Task requirements
The lines from the top of the data down to the line with "Amber True Smoke Signals Mesh Dress" should be repeated exactly, both ends included.

___

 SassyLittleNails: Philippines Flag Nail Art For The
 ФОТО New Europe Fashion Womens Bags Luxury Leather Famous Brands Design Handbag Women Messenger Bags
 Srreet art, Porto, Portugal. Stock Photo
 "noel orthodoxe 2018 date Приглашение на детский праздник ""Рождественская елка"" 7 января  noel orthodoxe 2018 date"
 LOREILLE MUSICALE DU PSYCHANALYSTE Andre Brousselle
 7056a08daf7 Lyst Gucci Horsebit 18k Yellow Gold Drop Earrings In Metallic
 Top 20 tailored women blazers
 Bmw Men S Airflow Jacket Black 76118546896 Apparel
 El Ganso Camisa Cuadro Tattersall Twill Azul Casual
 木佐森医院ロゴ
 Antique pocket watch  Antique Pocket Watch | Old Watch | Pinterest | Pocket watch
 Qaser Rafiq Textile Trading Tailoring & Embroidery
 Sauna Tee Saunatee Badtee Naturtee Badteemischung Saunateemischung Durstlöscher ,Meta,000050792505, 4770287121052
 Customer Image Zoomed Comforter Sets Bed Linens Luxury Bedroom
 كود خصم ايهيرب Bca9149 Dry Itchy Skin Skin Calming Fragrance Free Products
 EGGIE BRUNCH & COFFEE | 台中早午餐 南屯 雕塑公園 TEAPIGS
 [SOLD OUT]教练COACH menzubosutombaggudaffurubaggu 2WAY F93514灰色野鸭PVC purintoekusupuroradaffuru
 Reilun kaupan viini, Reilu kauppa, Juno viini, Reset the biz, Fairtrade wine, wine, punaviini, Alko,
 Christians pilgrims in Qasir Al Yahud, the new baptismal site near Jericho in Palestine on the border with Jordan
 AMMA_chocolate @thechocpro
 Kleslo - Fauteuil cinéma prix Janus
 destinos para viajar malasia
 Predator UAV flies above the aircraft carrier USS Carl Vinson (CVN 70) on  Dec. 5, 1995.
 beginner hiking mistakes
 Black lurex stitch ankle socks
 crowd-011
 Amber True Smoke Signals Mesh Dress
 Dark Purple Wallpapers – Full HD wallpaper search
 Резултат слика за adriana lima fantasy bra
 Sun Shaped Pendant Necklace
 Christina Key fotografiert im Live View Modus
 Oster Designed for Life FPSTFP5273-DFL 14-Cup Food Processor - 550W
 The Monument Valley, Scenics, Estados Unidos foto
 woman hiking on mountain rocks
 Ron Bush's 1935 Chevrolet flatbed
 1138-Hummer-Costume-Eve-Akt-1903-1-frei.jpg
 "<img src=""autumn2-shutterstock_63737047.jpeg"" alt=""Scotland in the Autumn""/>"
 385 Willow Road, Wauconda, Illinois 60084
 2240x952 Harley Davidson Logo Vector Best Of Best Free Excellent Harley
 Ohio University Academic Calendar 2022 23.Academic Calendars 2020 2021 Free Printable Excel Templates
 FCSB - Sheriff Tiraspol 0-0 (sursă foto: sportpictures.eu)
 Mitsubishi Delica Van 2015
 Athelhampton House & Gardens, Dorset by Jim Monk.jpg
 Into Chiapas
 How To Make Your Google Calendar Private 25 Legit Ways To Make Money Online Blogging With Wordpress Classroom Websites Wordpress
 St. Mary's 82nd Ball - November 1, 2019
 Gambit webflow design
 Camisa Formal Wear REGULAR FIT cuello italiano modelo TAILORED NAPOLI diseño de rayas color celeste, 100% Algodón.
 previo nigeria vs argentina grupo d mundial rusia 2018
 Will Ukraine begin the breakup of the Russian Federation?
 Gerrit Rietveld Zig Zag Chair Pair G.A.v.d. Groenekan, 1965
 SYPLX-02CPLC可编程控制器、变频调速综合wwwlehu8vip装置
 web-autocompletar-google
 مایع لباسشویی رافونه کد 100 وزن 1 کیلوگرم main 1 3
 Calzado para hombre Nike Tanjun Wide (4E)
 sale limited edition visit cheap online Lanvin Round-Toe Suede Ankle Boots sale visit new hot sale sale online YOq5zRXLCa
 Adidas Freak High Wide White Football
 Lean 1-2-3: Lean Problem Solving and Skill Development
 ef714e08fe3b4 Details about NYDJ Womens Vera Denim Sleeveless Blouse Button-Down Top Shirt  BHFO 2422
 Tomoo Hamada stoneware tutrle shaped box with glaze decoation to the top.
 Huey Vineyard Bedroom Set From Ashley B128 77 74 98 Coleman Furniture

___

Answer for this exercise
 SassyLittleNails: Philippines Flag Nail Art For The
 ФОТО New Europe Fashion Womens Bags Luxury Leather Famous Brands Design Handbag Women Messenger Bags
 Srreet art, Porto, Portugal. Stock Photo
 "noel orthodoxe 2018 date Приглашение на детский праздник ""Рождественская елка"" 7 января  noel orthodoxe 2018 date"
 LOREILLE MUSICALE DU PSYCHANALYSTE Andre Brousselle
 7056a08daf7 Lyst Gucci Horsebit 18k Yellow Gold Drop Earrings In Metallic
 Top 20 tailored women blazers
 Bmw Men S Airflow Jacket Black 76118546896 Apparel
 El Ganso Camisa Cuadro Tattersall Twill Azul Casual
 木佐森医院ロゴ
 Antique pocket watch  Antique Pocket Watch | Old Watch | Pinterest | Pocket watch
 Qaser Rafiq Textile Trading Tailoring & Embroidery
 Sauna Tee Saunatee Badtee Naturtee Badteemischung Saunateemischung Durstlöscher ,Meta,000050792505, 4770287121052
 Customer Image Zoomed Comforter Sets Bed Linens Luxury Bedroom
 كود خصم ايهيرب Bca9149 Dry Itchy Skin Skin Calming Fragrance Free Products
 EGGIE BRUNCH & COFFEE | 台中早午餐 南屯 雕塑公園 TEAPIGS
 [SOLD OUT]教练COACH menzubosutombaggudaffurubaggu 2WAY F93514灰色野鸭PVC purintoekusupuroradaffuru
 Reilun kaupan viini, Reilu kauppa, Juno viini, Reset the biz, Fairtrade wine, wine, punaviini, Alko,
 Christians pilgrims in Qasir Al Yahud, the new baptismal site near Jericho in Palestine on the border with Jordan
 AMMA_chocolate @thechocpro
 Kleslo - Fauteuil cinéma prix Janus
 destinos para viajar malasia
 Predator UAV flies above the aircraft carrier USS Carl Vinson (CVN 70) on  Dec. 5, 1995.
 beginner hiking mistakes
 Black lurex stitch ankle socks
 crowd-011
 Amber True Smoke Signals Mesh Dress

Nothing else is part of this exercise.